• Recorded data:
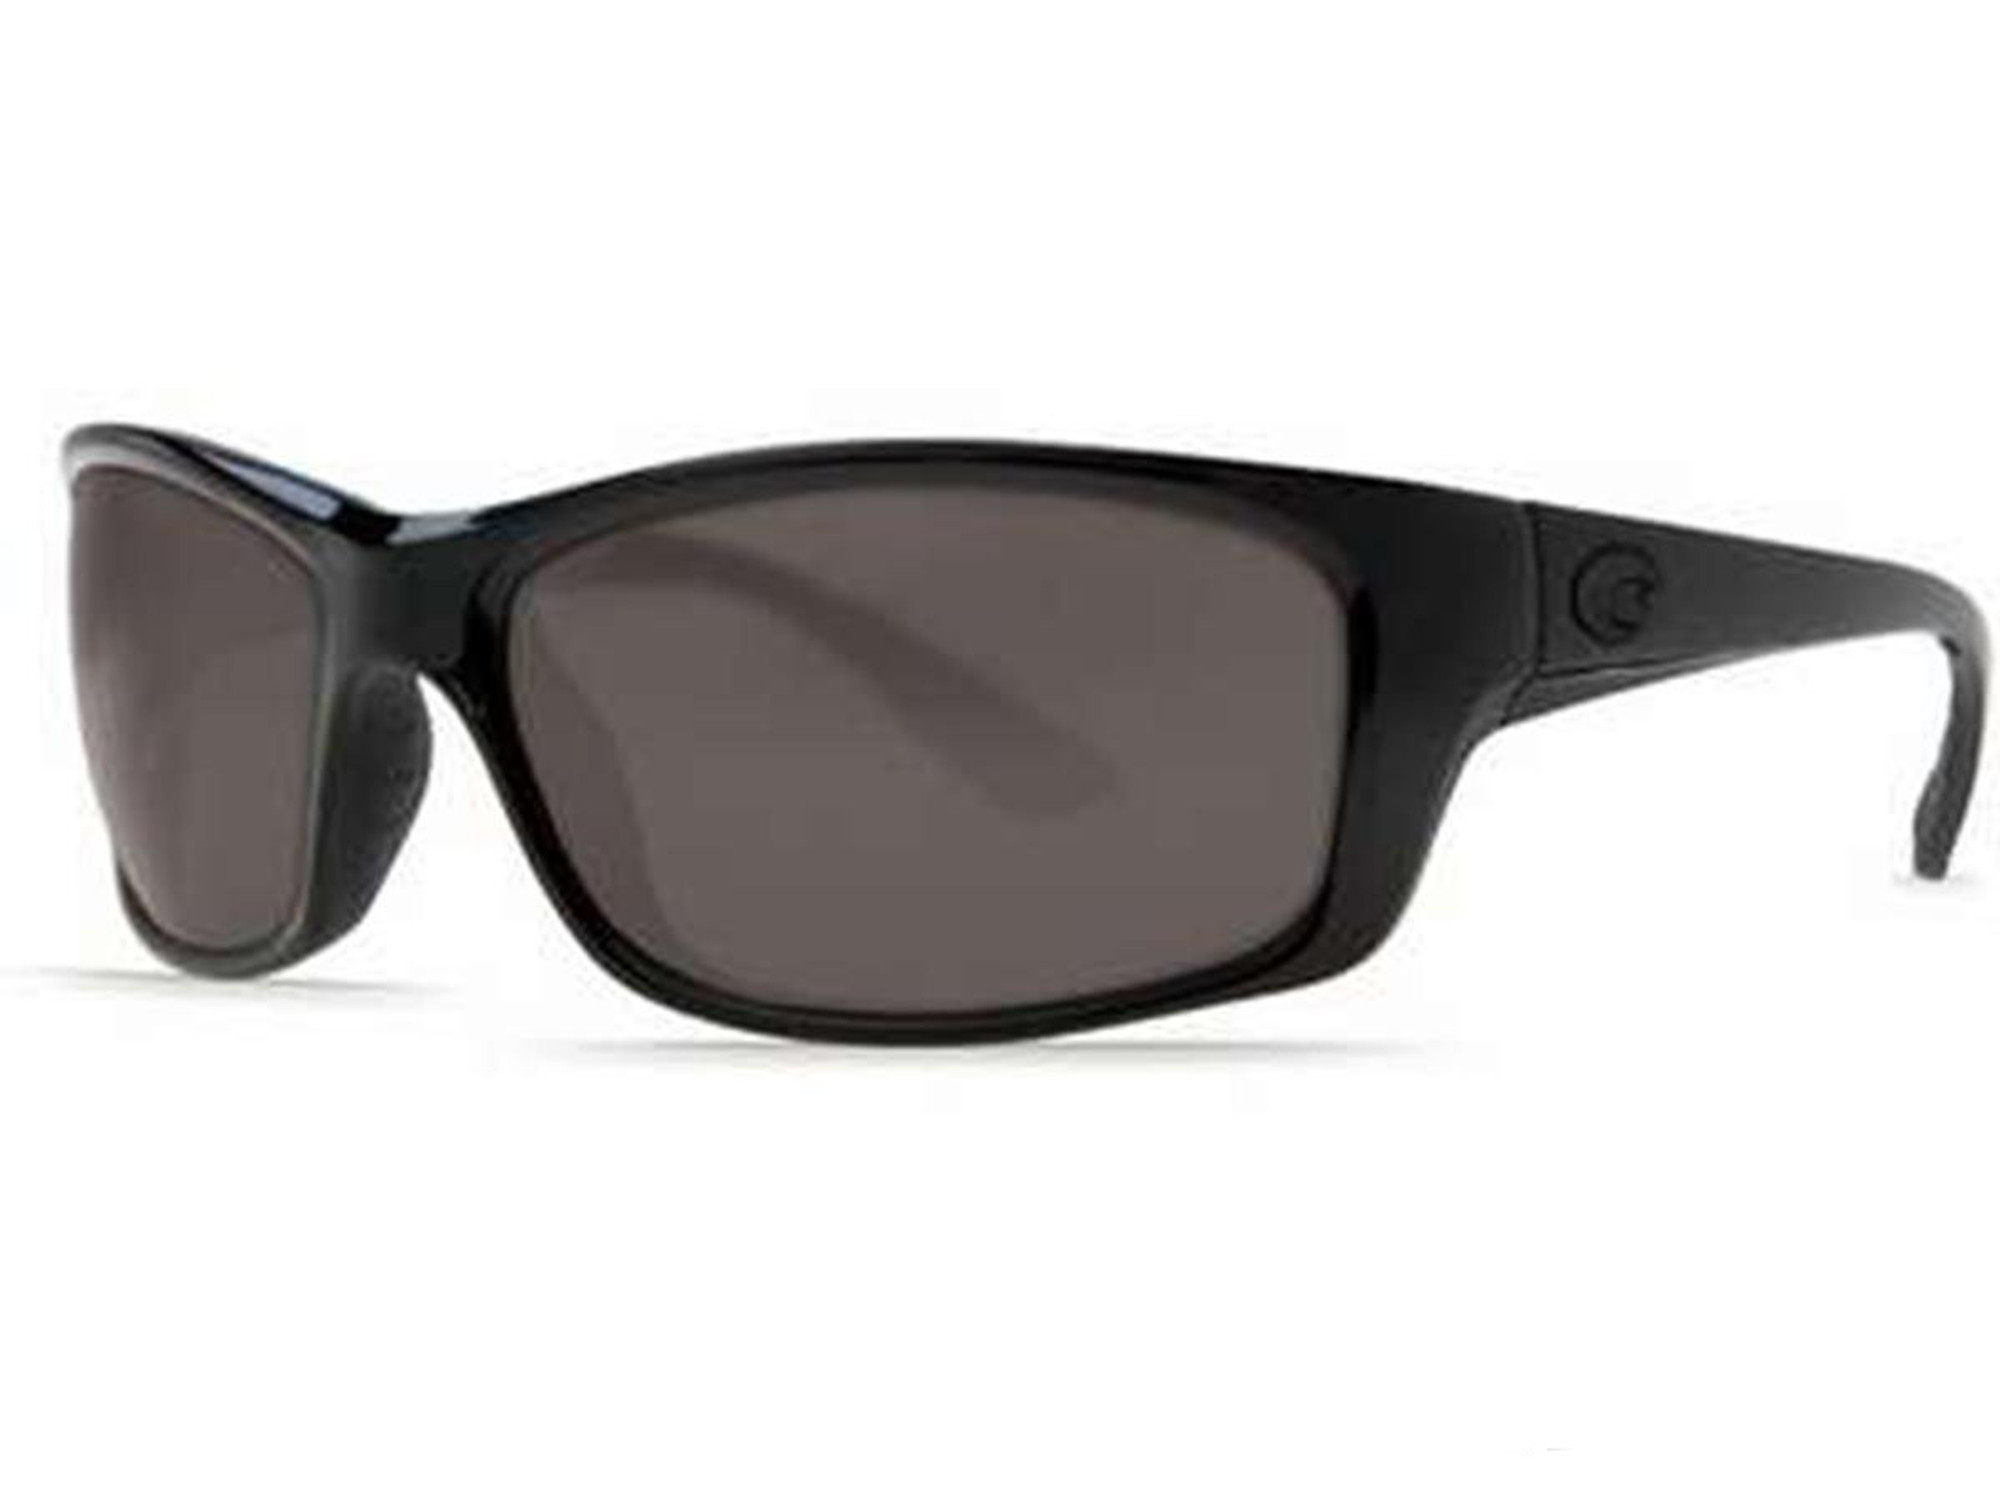 Costa Del Mar - Jose Polarized Sunglasses - Blackout / 580p Gray
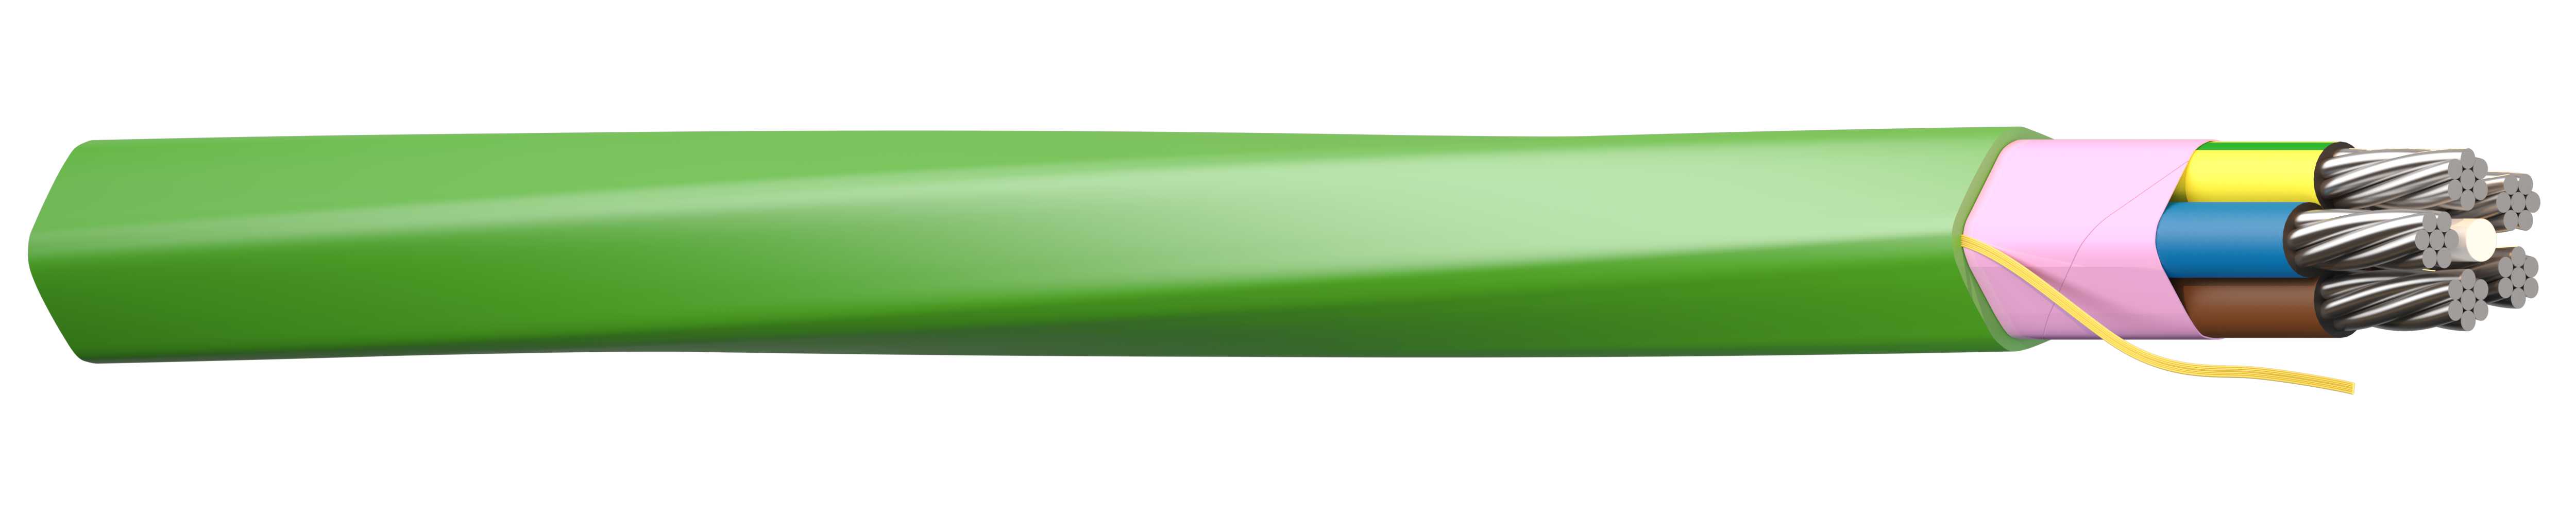 Draka - PROLIGHT VEGLYS KABEL 5G25mm2 Grønn
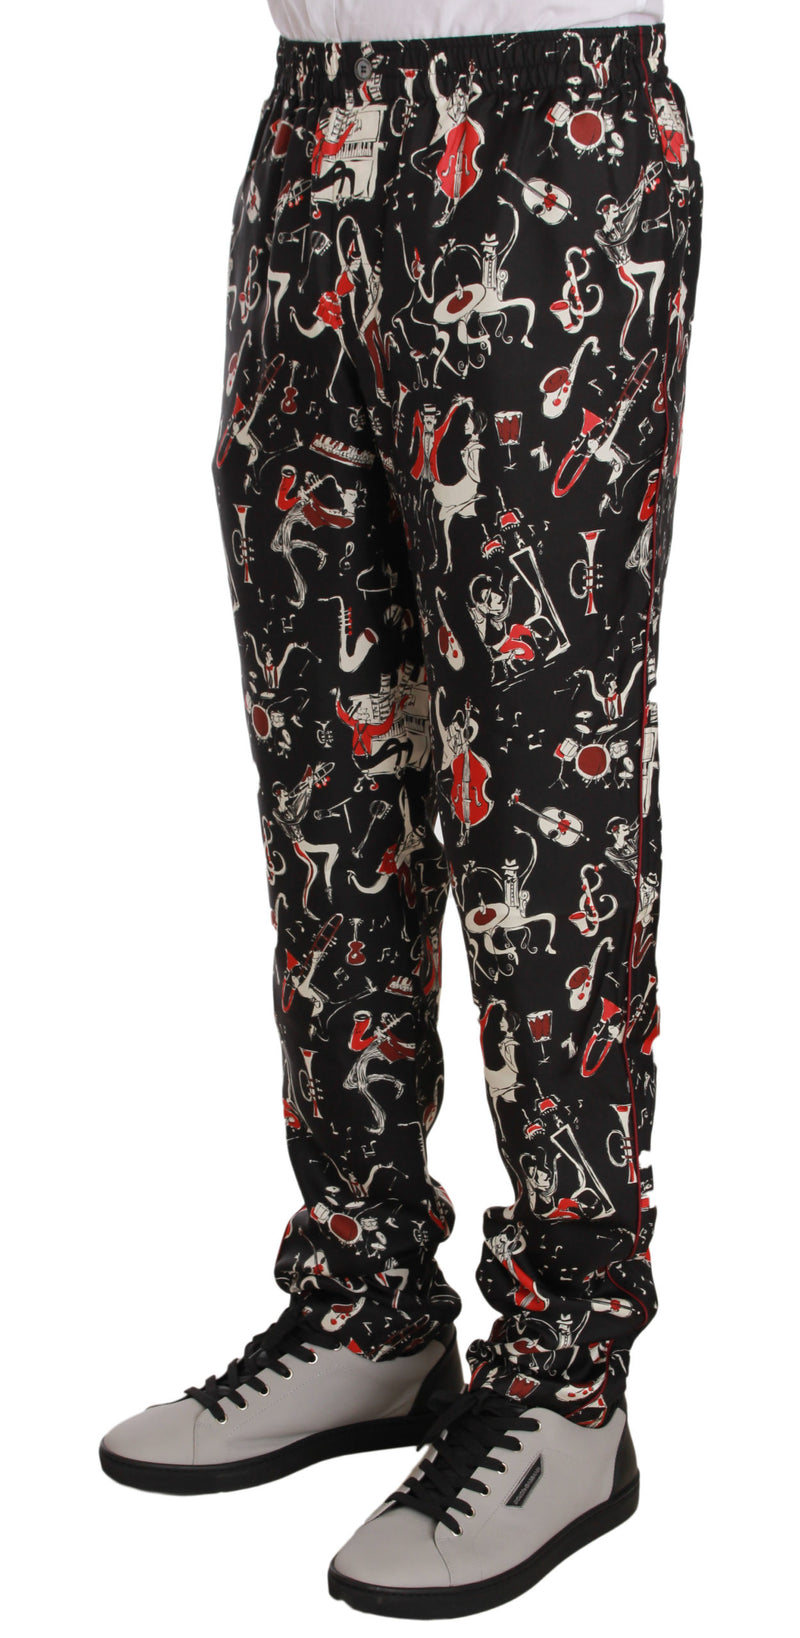 Red Musical Instrument Print Sleepwear Pants
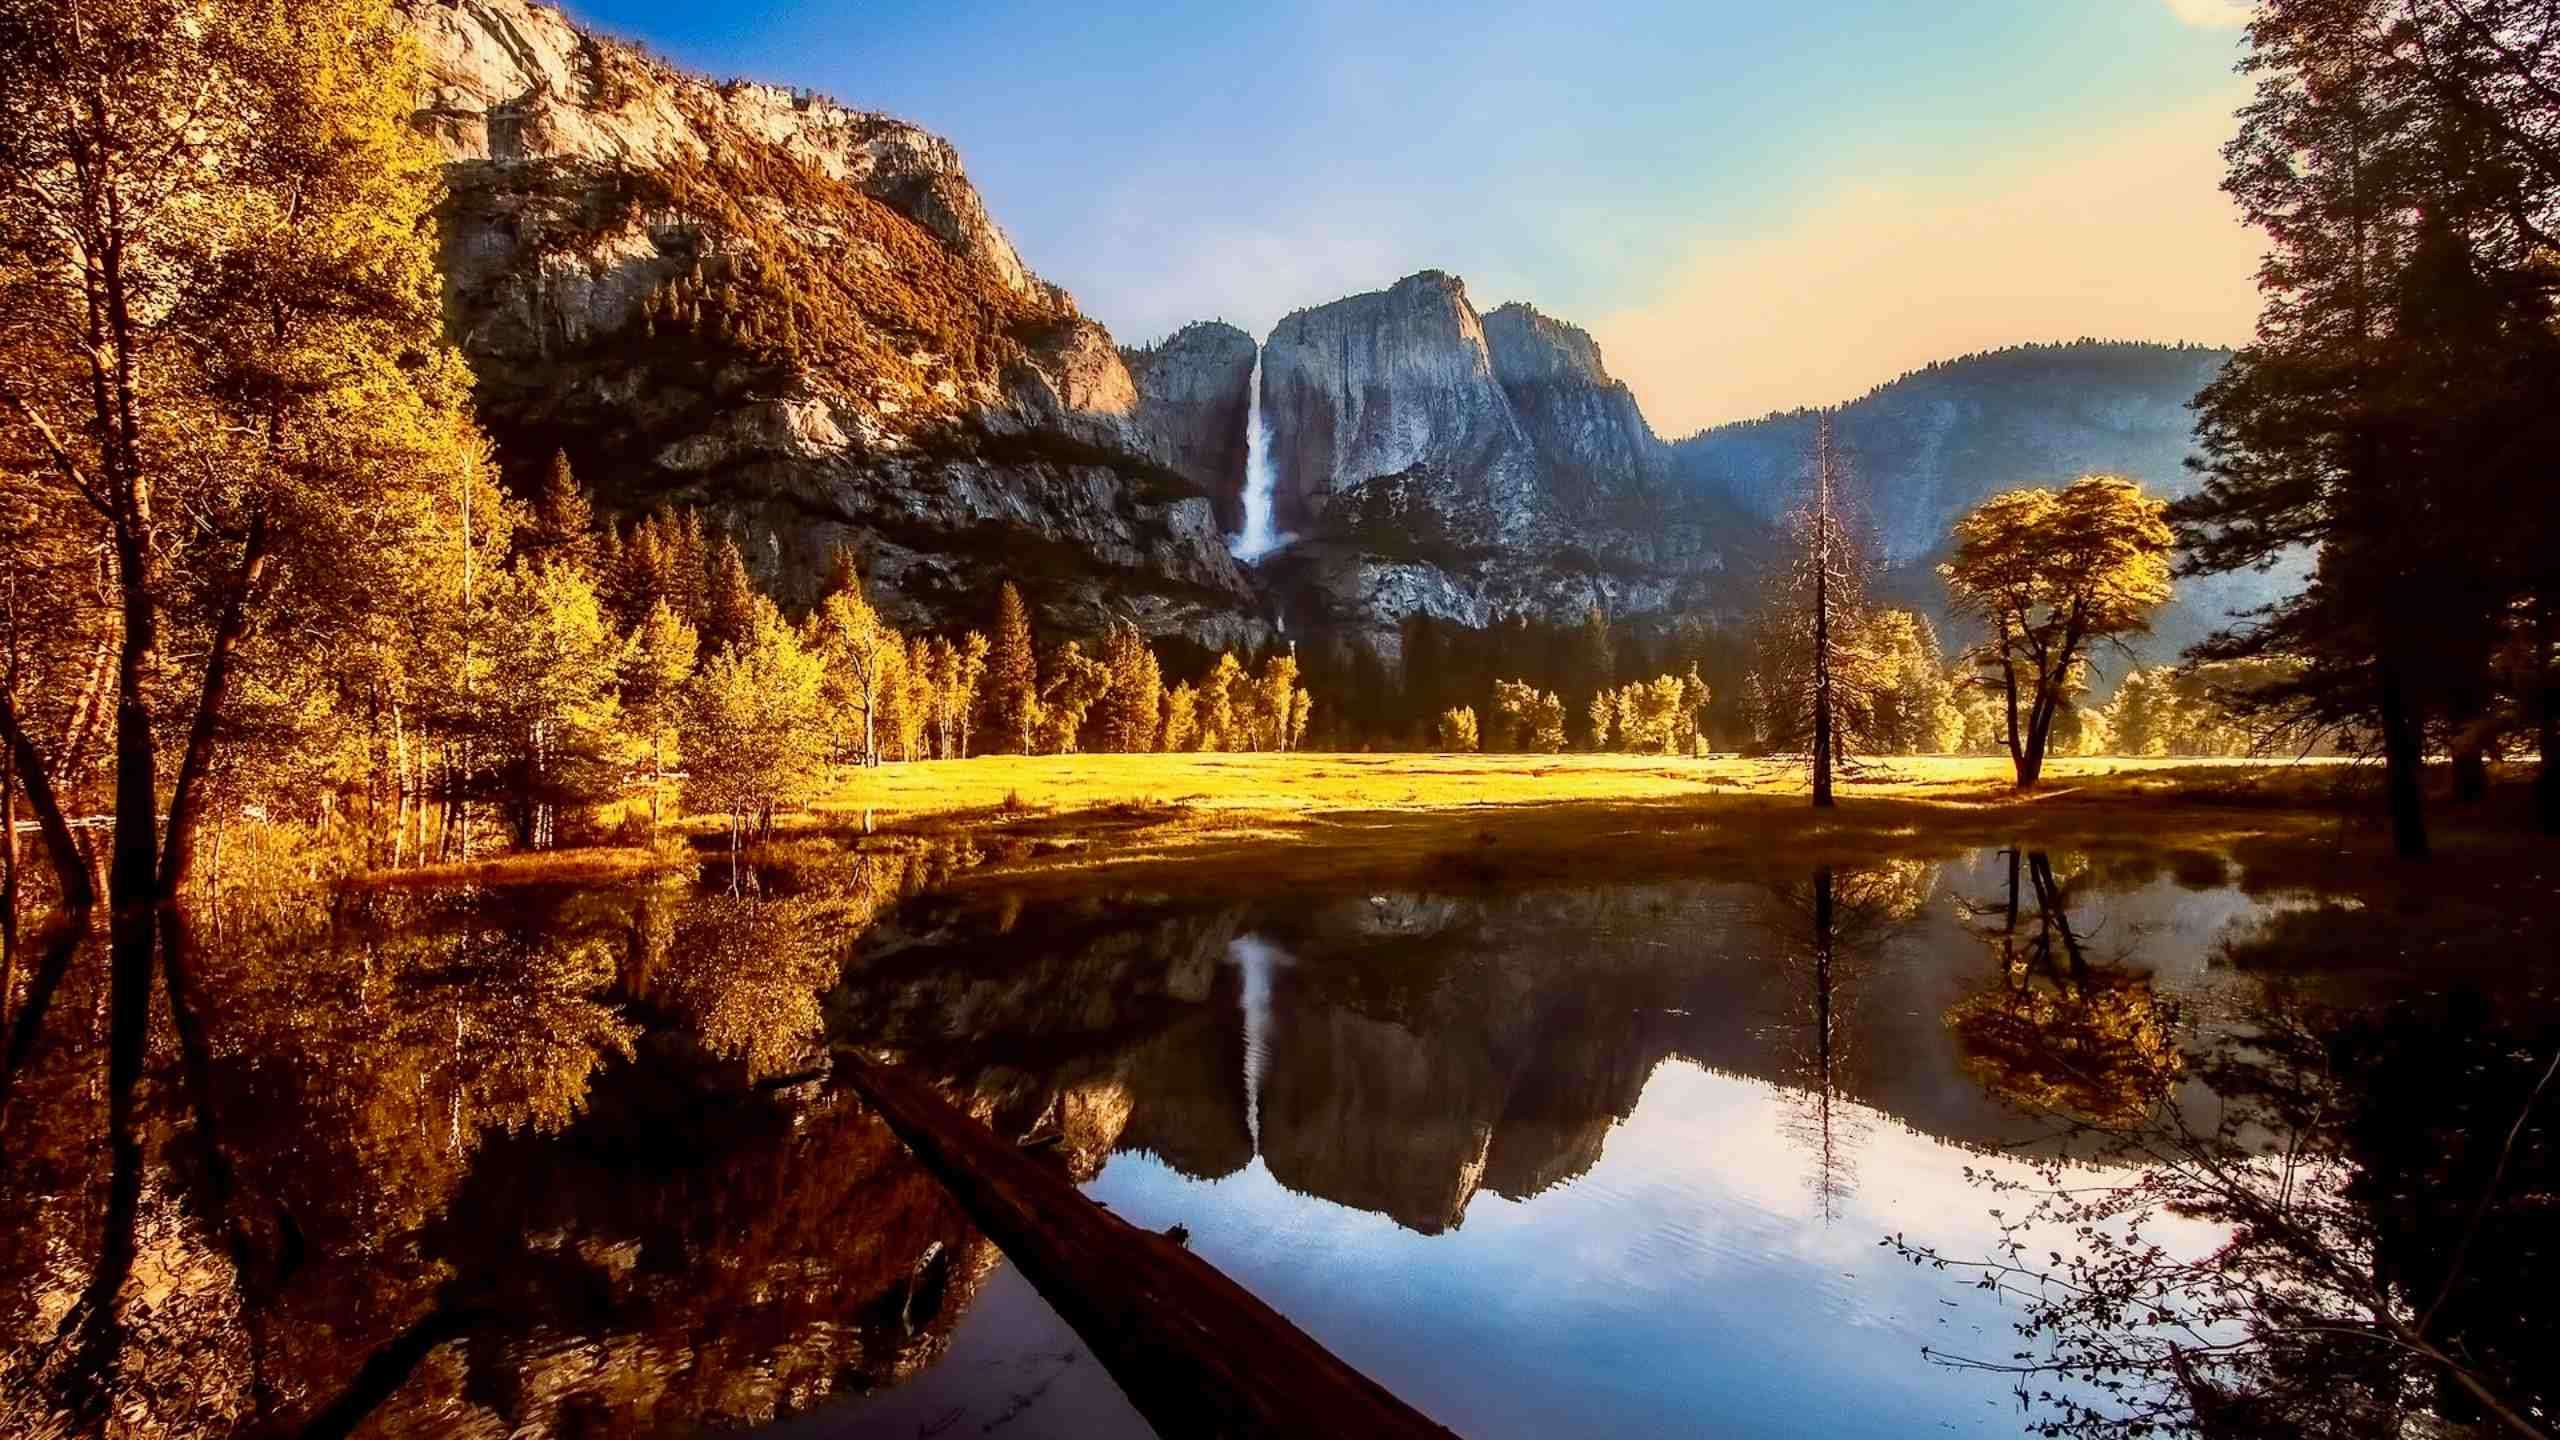 Best of Yosemite Walk 6D5N (Half Dome, El Capitan & Yosemite Falls) Fully Guided

• The problem: Your answer must be the lines from the one containing "Red Musical Instrument Print Sleepwear Pants" through the last line of the listing above, restated word for word, with no pictures.

• Task output:
 Red Musical Instrument Print Sleepwear Pants
 Best of Yosemite Walk 6D5N (Half Dome, El Capitan & Yosemite Falls) Fully Guided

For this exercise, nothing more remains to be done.